DI era modern ini, sering sekali terjadinya gangguan mental pada remaja. Menurut Indonesia National Adolescent Mental Health, survey tahun 2022 sekitar 15,5 juta (34,9%) remaja Indonesia mengalami masalah mental dan 2,45 juta (5,5%) remaja mengalami gangguan mental. Dan dari jumlah itu baru 2,6% yang mengakses layanan konseling.

Kesehatan mental itu sangat berpengaruh terhadap keberlangsungan hidup seseorang, dan orang pertama yang paling berpengaruh terhadap kesehatan mental seorang anak adalah keluarganya. Banyak  sekali orang tua yang menganggap remeh terhadap kesehatan mental anak, bahkan di antara mereka ada yang menjadi faktor utama terjadinya kerusakan mental terhadap anak mereka. Karena apa yang mereka lakukan adalah hanya sekadar menilai, bukan mamahami apa yang terjadi pada anak mereka.

Bahkan yang mereka lihat adalah dari fisik anak mereka, selama fisik anak baik-baik saja dan tidak terluka, maka mereka menganggap bahwa anak mereka baik-baik saja, padahal anak mereka terluka secara mental.

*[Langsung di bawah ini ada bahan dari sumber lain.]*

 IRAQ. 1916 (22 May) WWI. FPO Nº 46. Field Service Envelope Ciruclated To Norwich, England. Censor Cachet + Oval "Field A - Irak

Masalah mental yang disebabkan oleh keluarga bisa jadi karena kaluarga yang broken home. Keluarga yang rusak karena keegoisan orang tua, maka anak yang akan menanggung dampak dari keegoisan itu.

Anak-anak yang punya keluarga rusak biasanya akan menyalahkan kehadiran mereka di dunia ini, mereka akan menyalahkan diri dan akan bertanya. Kenapa mereka lahir? Mereka adalah beban, mereka adalah penyebab kehancuran keluarga mereka sendiri. Orang tua yang harusnya menjadi support system anak malah menjadi penghancur mental yang sangat kuat buat anak mereka.

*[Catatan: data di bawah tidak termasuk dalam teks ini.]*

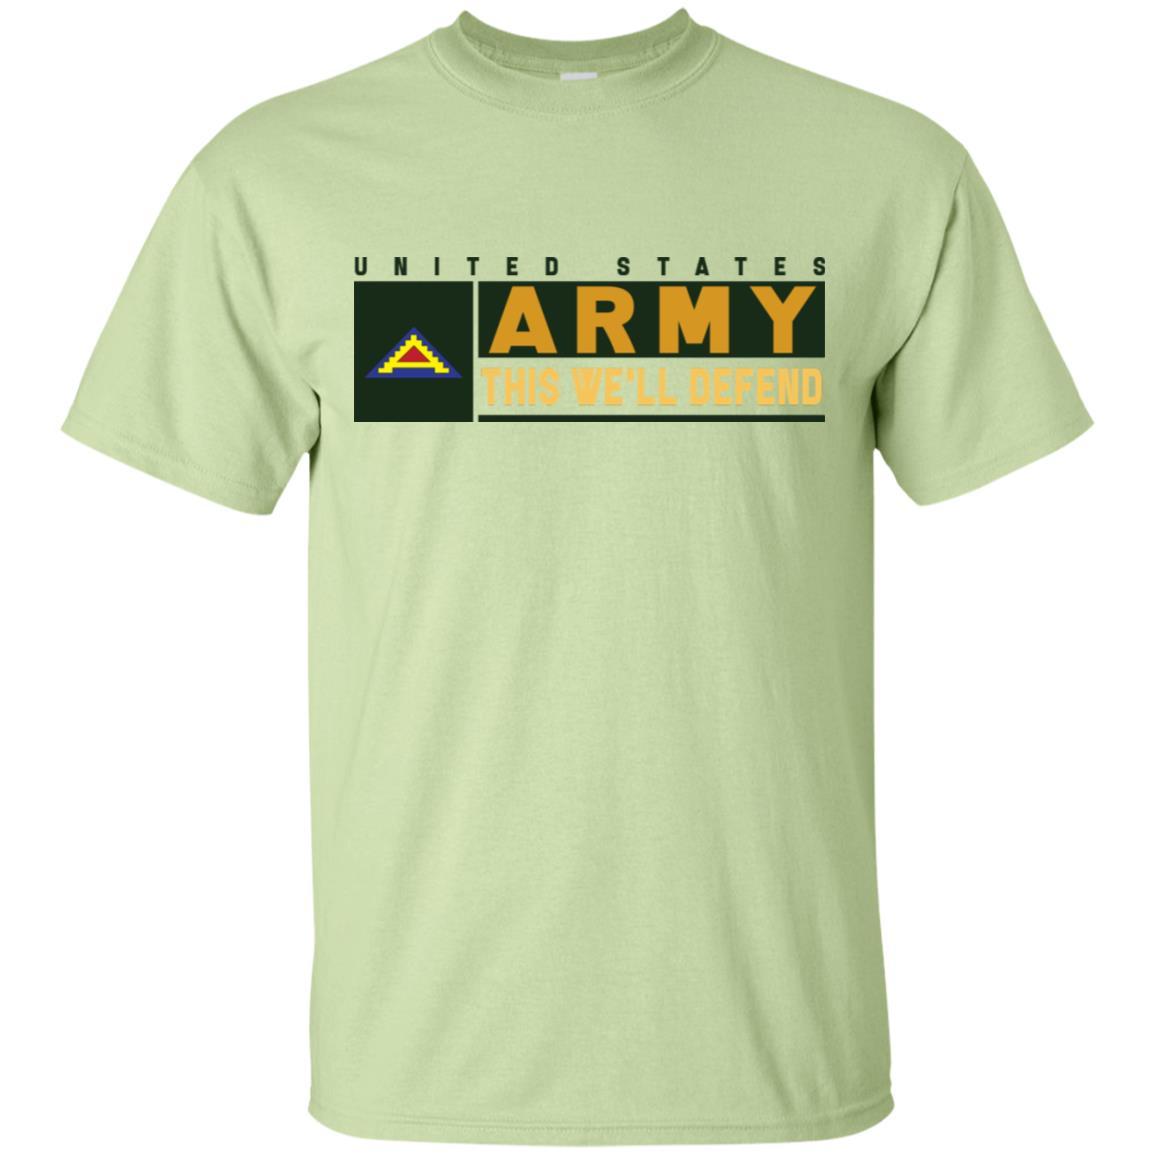 US Army 7TH ARMY- This We'll Defend T-Shirt On Front For Men-TShirt-Army-Veterans Nation

Maka sebagai orang tua, cobalah untuk memahami anak kalian, jangan biarkan anak merasa sendiri ketika dia menghadapi masalah-masalah yang ada. Selain itu juga gangguan mental bisa terjadi dari lingkungan, kejadian traumatis, fisik, teman, dll.

Saat ini banyak sekali terjadi kasus bullying di lingkungan masyarakat maupun di sekolah. Komisi Perlindungan Anak Indonesia (KPAI) mencatat dari Januari hingga April 2023, terdapat 58 anak yang menjadi korban kekerasan. Selain itu, Data SIMFONI PPA (Sistem Informasi Online Perlindungan dan Anak) mencatat ada 1.665 kasus kekerasan fisik /psikis anak di 2022, bentuk kekerasan terhadap anak dilaporkan juga sangat beragam. Salah satunya yakni bullying atau perudungan yang merupakan kekerasan verbal.

Bahkan anak-anak SD pun sudah menjadi pelaku bullying. Hal ini patut dipertanyakan peran orang tua di rumah dan guru yang ada di sekolah, bagaimana cara mendidik anak-anak mereka untuk menjadi anak-anak yang baik sehingga tidak menjadi pelaku bullying. Anak-anak pelaku bullying ini harus diajarkan cara menghargai orang lain, dan perlu diedukasikan tentang kesehatan mental sejak dini baik di sekolah maupun di rumah.

Karena para pelaku bullying merasa apa yang mereka lakukan terhadap orang lain itu bukan masalah besar dan mereka lakukan tanpa memikirkan dampak apa yang akan terjadi kepada korban. Korban bullying akan selalu mengingat kenangan buruk hingga mereka besar. Hal itu mengganggu ke psikologi mereka, mereka akan berpikir mereka adalah orang-orang yang tidak pantas untuk hidup di dunia ini.

Yang awalnya korban pembulliyan mencoba untuk berdamai dengan keadaan atau mencoba untuk mensyukuri apa yang Tuhan berikan kepadanya, tapi karena lingkungan yang tidak mendukung dan sering membuli anak tersebut, maka dia merasa insecure dengan kondisi fisik yang dia punya saat ini. Hal ini yang menyebabkan terjadinya penurunan kepercayaan diri, sehingga terjadinya overthinking berlebihan  dan menyebabkan masalah mental yang terjadi pada diri anak tersebut.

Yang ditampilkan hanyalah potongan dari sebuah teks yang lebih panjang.